ВВЕДЕНИЕ

ВВЕДЕНИЕ

Предатели предают прежде всего себя самих.

Плутарх

Самое выразительное в нем — это глаза.

Они притягивают к себе ваш взор больше, чем шрам, пересекающий лоб, чем все его необычное лицо, треугольную форму которого еще больше подчеркивает рыжеватая борода. Когда он с вами разговаривает, он не глядит на вас, а его искристо-голубые глаза с черными зрачками смотрят куда-то поверх вашей головы с выражением какой-то непроницаемой замкнутости, которая бывает во взглядах следователей.

Александр Исаевич Солженицын — лауреат Нобелевской премии, человек, которого за три месяца до начала этого повествования отвергла родина и фотографии которого в то время наводняли витрины западноевропейских книжных магазинов, украшали обложки иллюстрированных журналов и крупным планом появлялись на экранах телевизоров, — сидел в квартире чешского эмигранта д?ра Голуба на цюрихской Цвайаккерштрассе.

Он сидел спиной к окну — к майскому, по-южному знойному в Швейцарии солнцу, к далеким силуэтам Альп, к зеленому газону, заполнявшему пространство между белыми корпусами жилых зданий, а лицом — к представительному собранию чешских эмигрантов. Сидел, слегка наклонившись вперед, в кресле тонкой, филигранной работы стиля Людовика XV, которое до смешного контрастировало с его плотной и неотесанной фигурой.

Солженицын пил чай «по-русски» — с сахаром вприкуску. Его часы все еще отстукивали время по-московски: шли на два часа вперед. На нем был свитер, закрывающий шею, который он носил на манер косоворотки, и ручной работы туфли, напоминающие мужицкие лапти царских времен.

— Я не собираюсь поддаваться, не собираюсь принимать какое-то выдворение, — скажет мне Александр Исаевич позже. — Я русский…

В комнате тихо. Слышны лишь отдаленный городской шум Цюриха и звучное прихлебывание Александра Исаевича.
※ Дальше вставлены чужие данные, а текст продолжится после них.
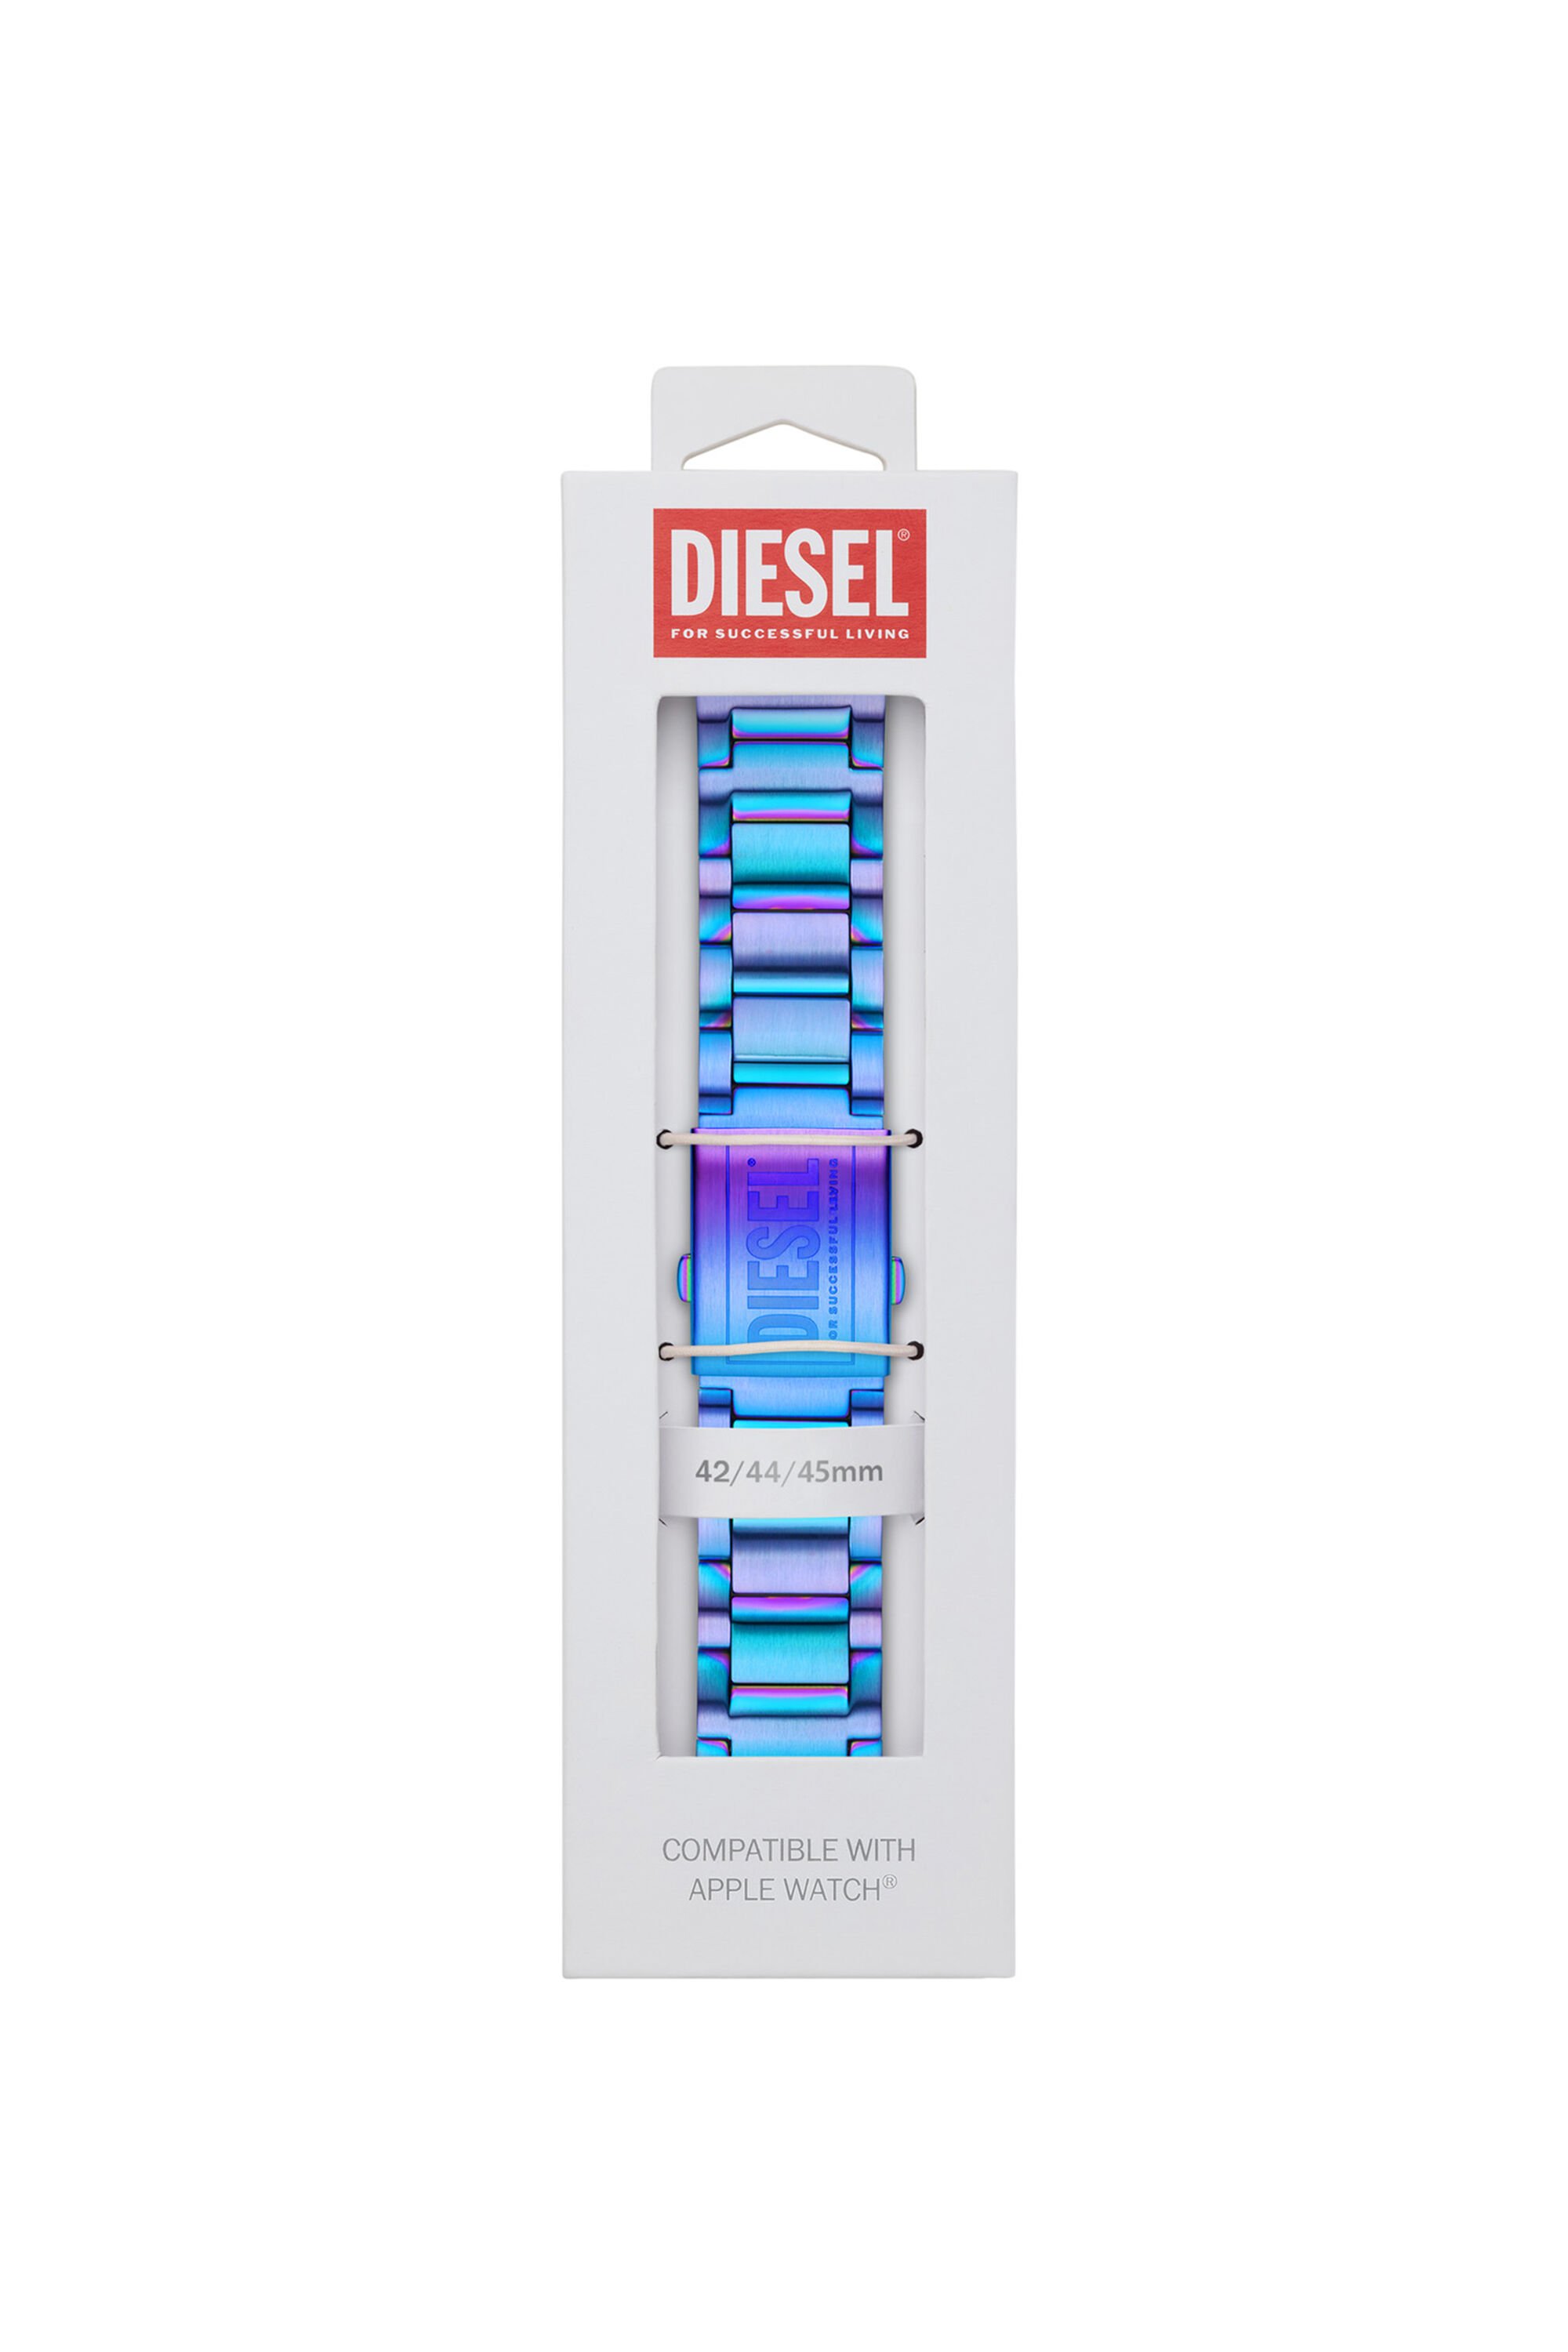 Diesel - DSS007, Blau - Image 2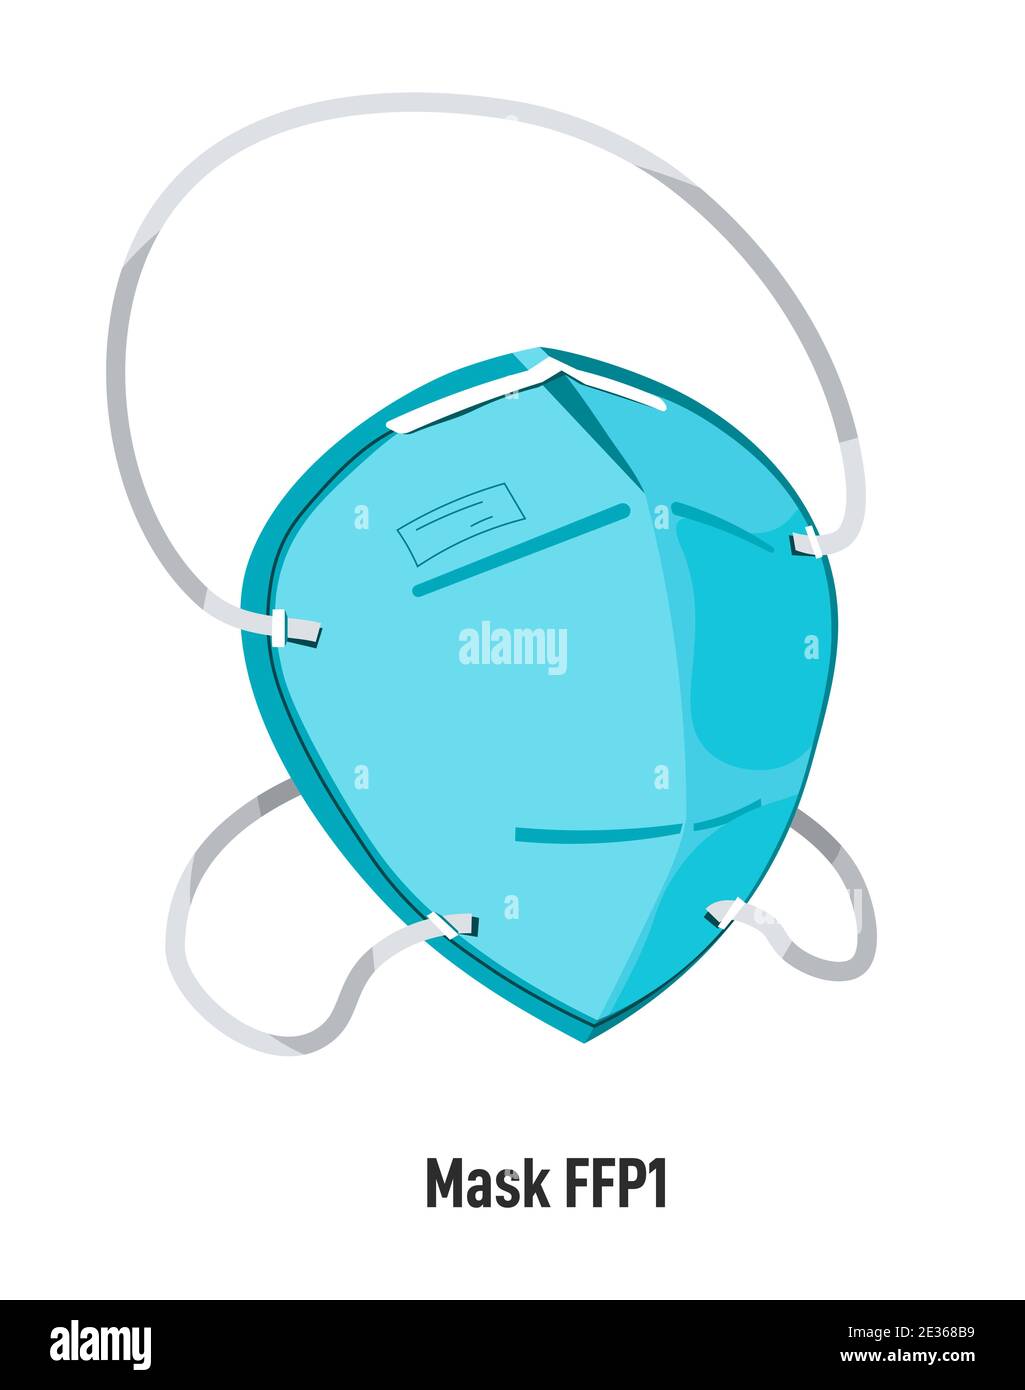 Gesichtsmaske FFP1, Gesundheit und Medizin Vektor Stock Vektor

Наконец чай допит. Солженицын поднимает глаза. Напротив него на тахте, в креслах и на одолженных у соседей кухонных табуретках сидят чешские эмигранты… Национальные социалисты, народники, христианские демократы, фашисты, так называемые социал-реформисты и несколько молодых, обросших и грязных маоистов.

У дверей стоят юноша и девушка, чемпионы по борьбе каратэ, телохранители лауреата Нобелевской премии Александра Солженицына. Сзади выглядывает щеголеватый доктор Прженосил — личный врач выдворенного писателя.

Атмосфера таинственности, исключительности и напряженности окутывает Александра Исаевича Солженицына, это ощущают все с первого мгновения. Александр Исаевич приехал на эту встречу в автомобиле с задернутыми занавесками, чтобы избежать взглядов агентов КГБ, которые, как он убежден, следят за ним. Точное время сбора было сообщено приглашенным лишь за час до начала.

— Осторожность никогда не повредит, — сказала хозяйка квартиры. — Александр Исаевич испытывает страх. Он боится, что будет похищен и возвращен в Советский Союз. Опасается покушения.

Да это и понятно, ведь он многое пережил и заслуживает в конце концов покоя.

В первый момент вы и не замечаете, как, войдя в мир Александра Солженицына, попадаете в страну противоречий и нелепостей. Как-то не сразу вам приходит в голову, что абсолютно нелогично и нелепо выдворять кого-либо из страны, с тем чтобы потом с невероятными трудностями и огромным риском, ценой политического скандала похищать его и возвращать обратно. В тот момент никто толком и не сообразил, что если бы советские власти на самом деле покушались на жизнь Александра Солженицына, то они ведь могли бы свести с ним счеты, так сказать, дома и со всеми удобствами.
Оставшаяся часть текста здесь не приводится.